One Fruit Ranks As Best Cancer Fighting Food
Researchers have shown a diet containing dried plums can positively affect microbiota, also referred to as gut bacteria, throughout the colon, helping reduce the risk of colon cancer. Colon cancer is the third leading cause of cancer-related deaths in the U.S. when men and women are considered separately, and the second-leading cause when the figures are combined. But if you eat dried plumps the risk for this cancer is way too much lower.
Research
Researchers presented a study at the Biology Conference in Massachusetts and evaluated how a diet containing dried plums affected microbiota throughout the colon and risks of colon cancer. Dried plums appeared to promote retention of beneficial microbiota and microbial metabolism throughout the colon, and, by doing so, reduce the incidence of colon cancer in rats. Rats on the dried-plum diet also had reduced numbers of aberrant crypts, which are signs of precancerous lesions that may be an indicator for future cancer development.
How dried plums may lower your risk of colon cancer
Dried plums are rich in potassium, fiber, and phytochemicals, including antioxidants, all of which may help lower your risk of chronic disease. However, it’s dried plums’ influence on the bacteria in your colon that may be most impressive of all. This research explored the potential cancer-protective properties of dried plums using a well-established rat model of colon cancer. Dried plums contain phenolic compounds, which have multiple effects on our health, including their ability to serve as antioxidants that can neutralize the oxidant effect of free radicals that can damage our DNA.
Benefits from eating dried plumps
Cancer risk now is much lower and can be prevented, because of these abilities of dried plumps:
- Maintenance of microbial metabolism patterns in the colon
- Reduced aberrant crypt foci numbers, which are a huge sign of the development of cancer
- Retention of micro biota in the gut
Prunes or Plumps?
According to experts, all prunes can be considered plumps, but not all plumps can be considered prunes.
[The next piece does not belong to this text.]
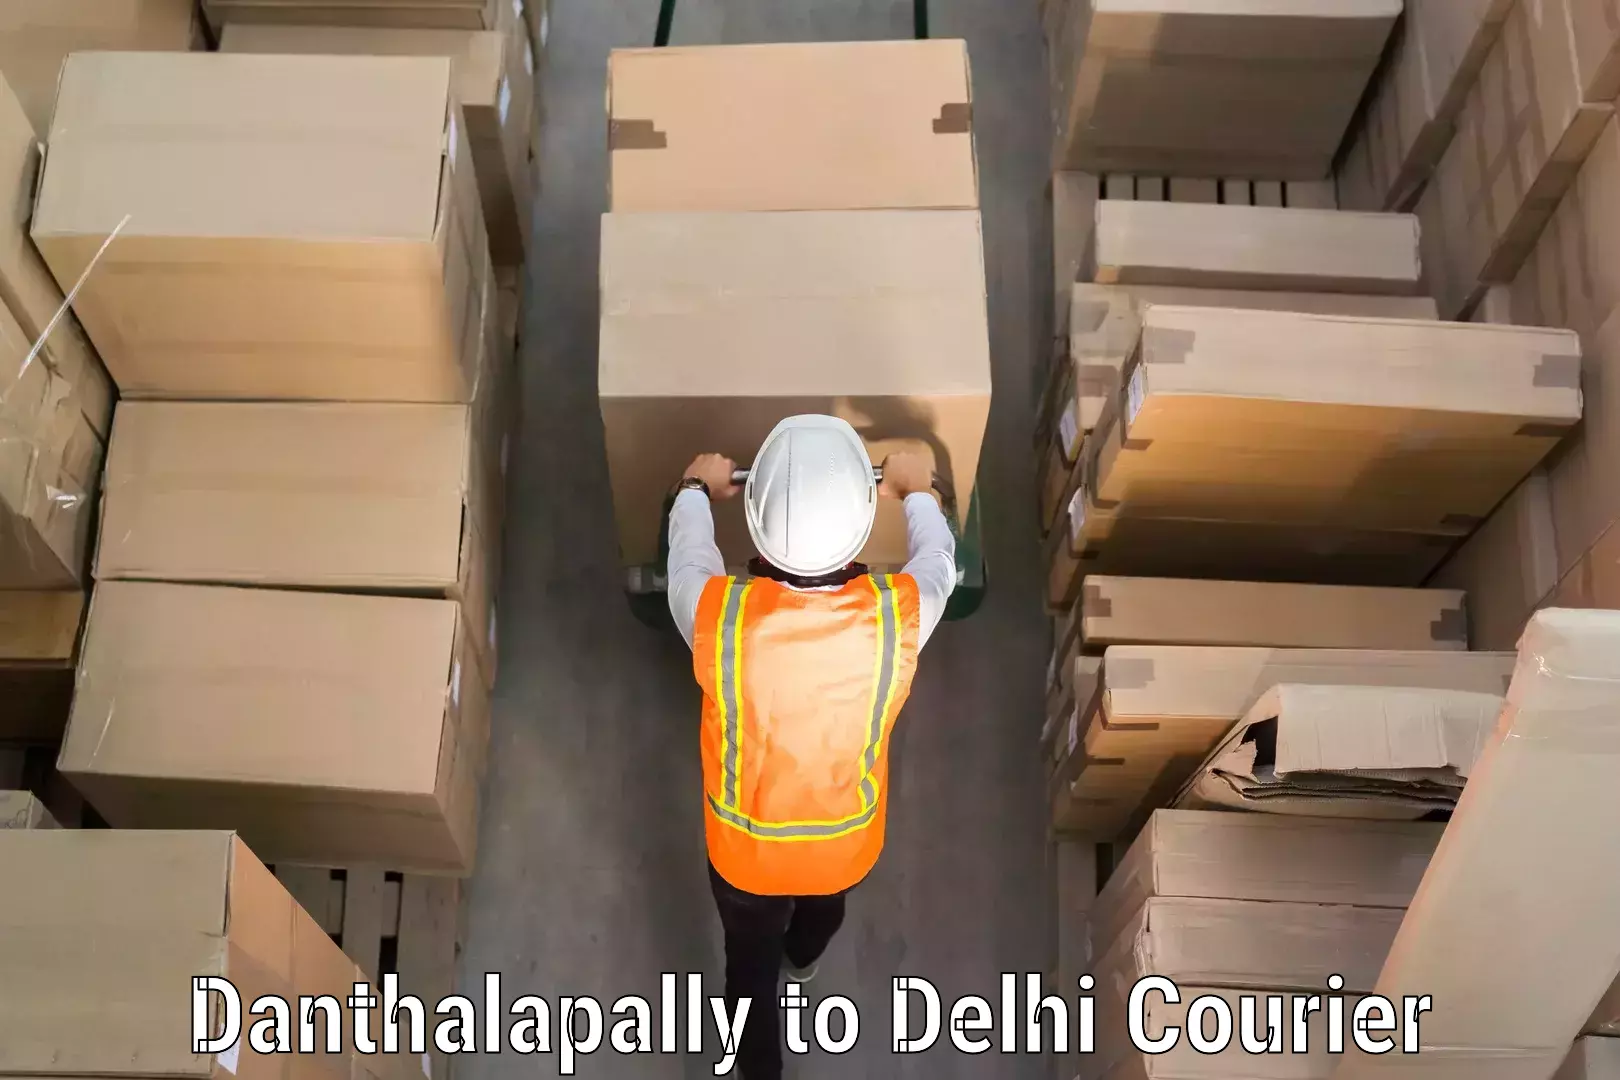 Door-to-door baggage service Danthalapally to NCR
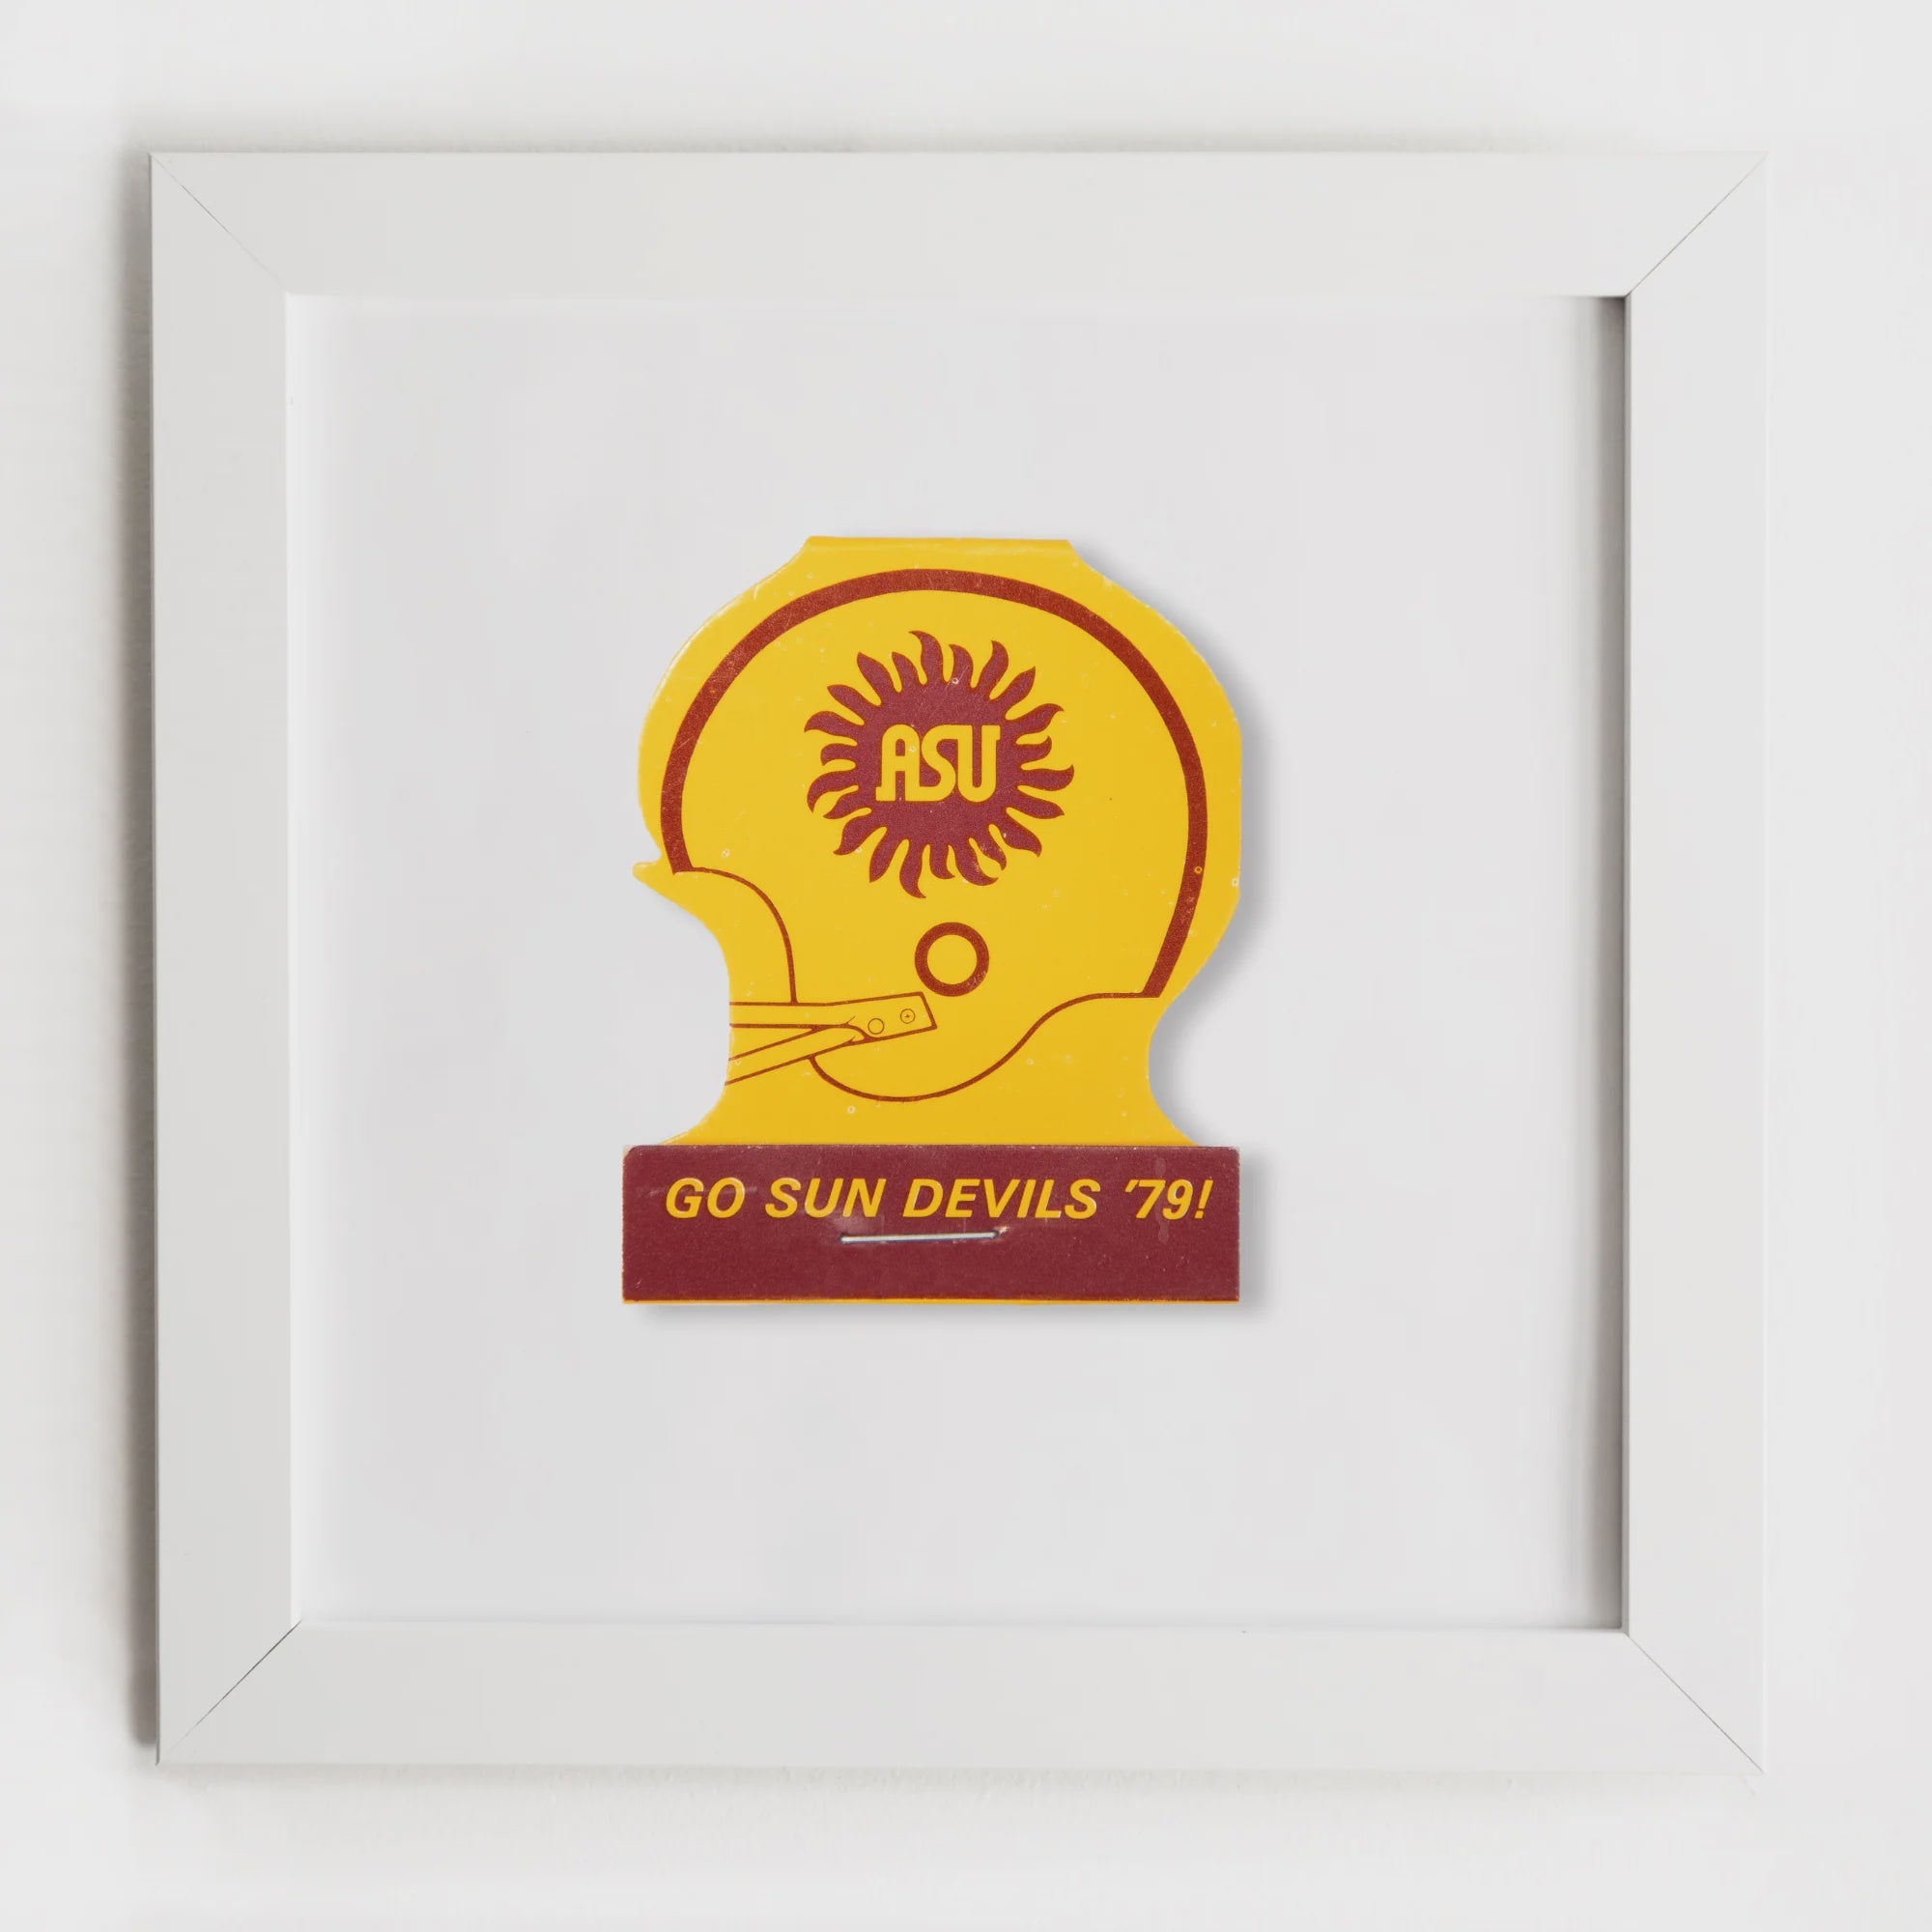 A Match South Art Square White Frame featuring a framed vintage Arizona State University sticker with a yellow and maroon design, the text &quot;Go Sun Devils &#39;79!&quot;, and a stylized sun motif in Bungalow style.

Prunes are the dried version of European plums. Sweet with a deep taste and a sticky chewy texture, prunes are not only fun to eat but they are also highly nutritious. A plum’s high sugar content allows it to be dried without fermentation. Research has shown that customers in the U.S. respond more favorably to the name dried plums as opposed to prunes. Dried plums, like all dried fruit, drain their water content by one of three methods: natural drying, sun drying, and dehydrators. So if dried plums are just plums with the water taken out of them, why do they lower our colon cancer risk while fresh plums don’t? Not only does dried plum retain both soluble and insoluble fiber from its original form, but it also contains more sorbitol than fresh plums. Sorbitol is an unfermentable sugar that increases our levels of desirable intestinal microorganisms, such as phenolic compounds.